The two other KeePassXC VMs don't have a network device attached to them.
lots of very good advice the book that was posted below is:
https://www.amazon.com/gp/product/B0898YGR58/
that book, has tons of really great info and get his podcast and listen to as much as you can.
but i would do a full opsec review, search yourself, try to find as much info on yourself as possible and try to correct it, it takes some time to stuff to drop off. make a list of every site
you have an account on and fix it. make sure profile URL, and all privacy info is locked down, get a password manager and make sure all sites have diffent password, and each has an an alais.
make sure, to put your house and cars in a trust etc. try to remove everything you can from public records. basically hack yourself, and fix anything you find.
every site, lock it down as much as you can...

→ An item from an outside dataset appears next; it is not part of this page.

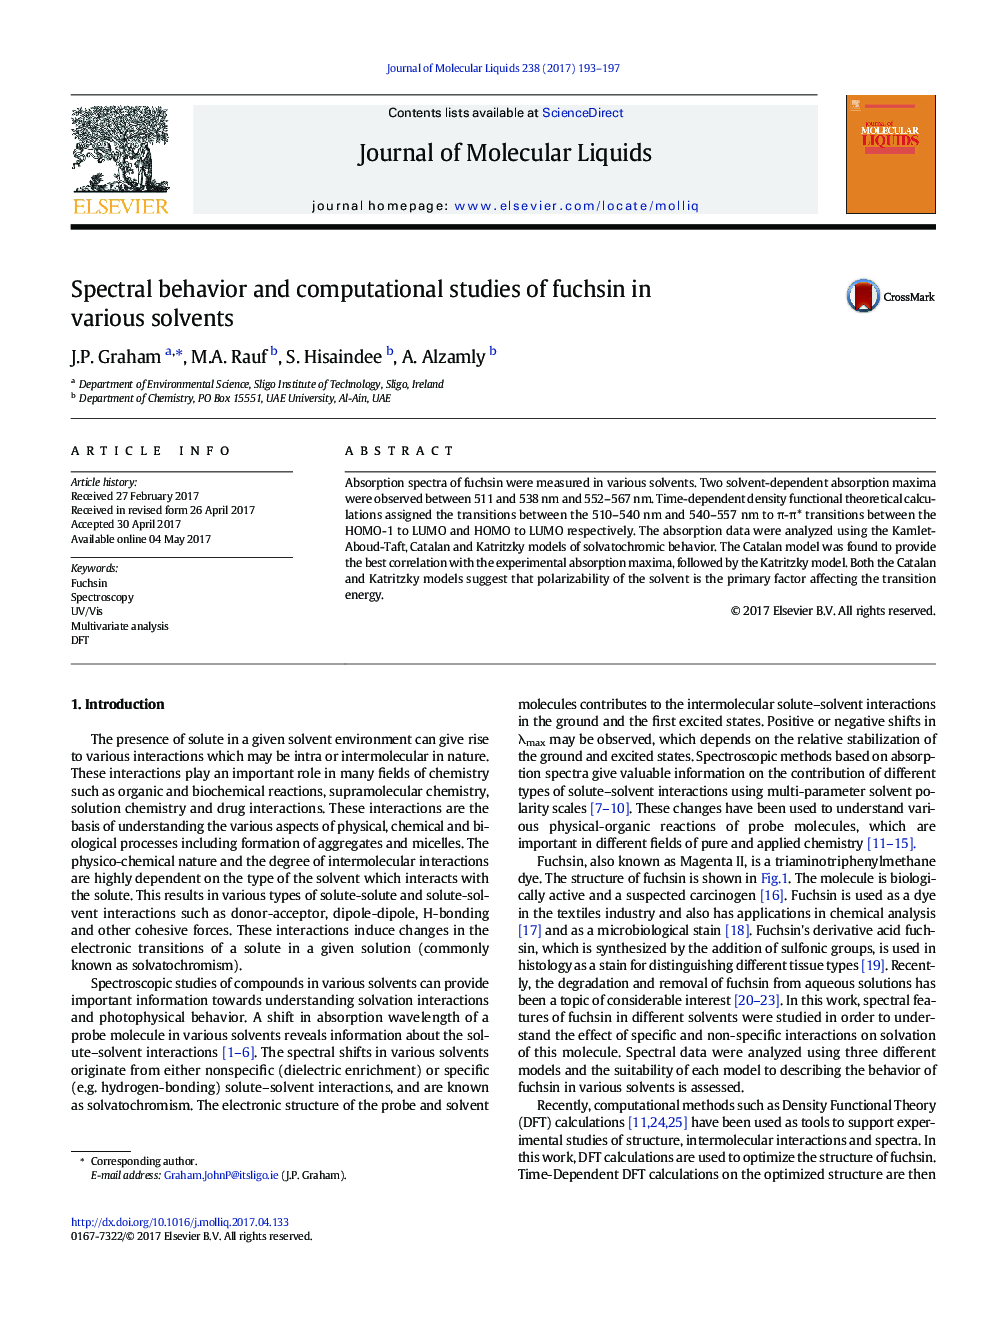 رفتار طیفی و مطالعات محاسباتی فوکسین در حلال های مختلف 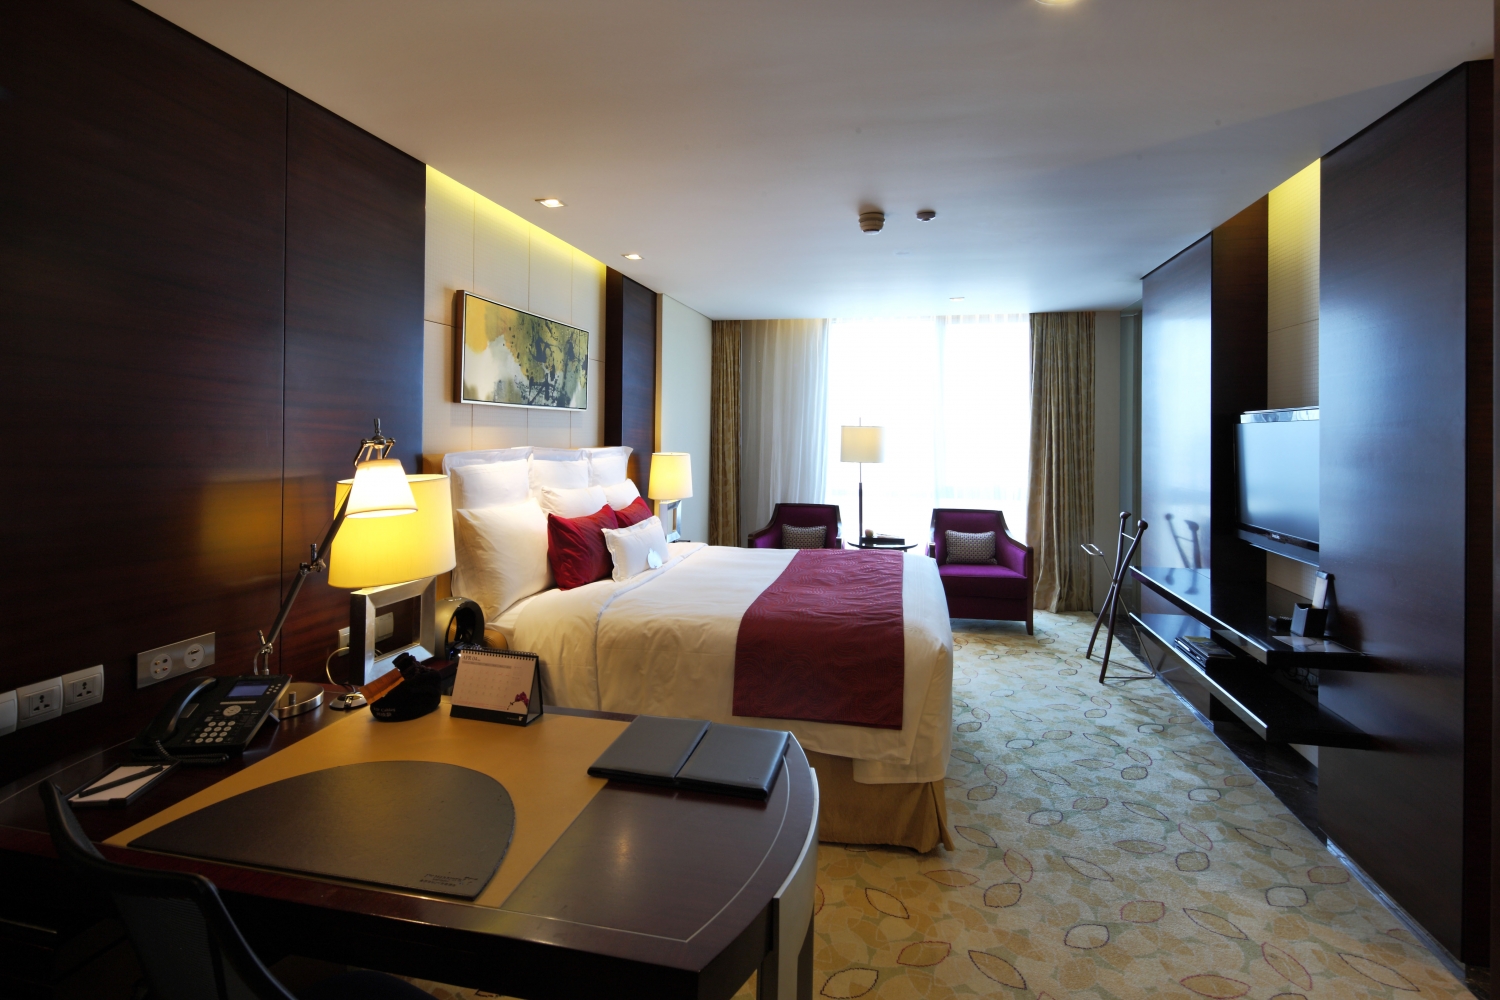 上海宝华万豪酒店 (Shanghai Marriott Hotel Parkview)_豪华型_预订优惠价格_地址位置_联系方式

Most commercial VPN services have a plethora of apps/extensions that handle everything for you. With Mullvad you have to manage the OpenVPN configurations manually. I think they have desktop applications for Windows/Mac/Linux now, but still no iOS/Android apps or browser extensions.
What VPN service? There are some that have residential dedicated IP address from time warner and comcast as well as cogent are new fresh ones that can't be used for torrenting or anything like that but they are about 8 bucks a month for one on top of the vpn. I've found this stops all the captchas and anything else they have an issue with. Just don't abuse it or they'll take it away LOL. I know Nordvpn has this as well as Torguard. Hope this helps some.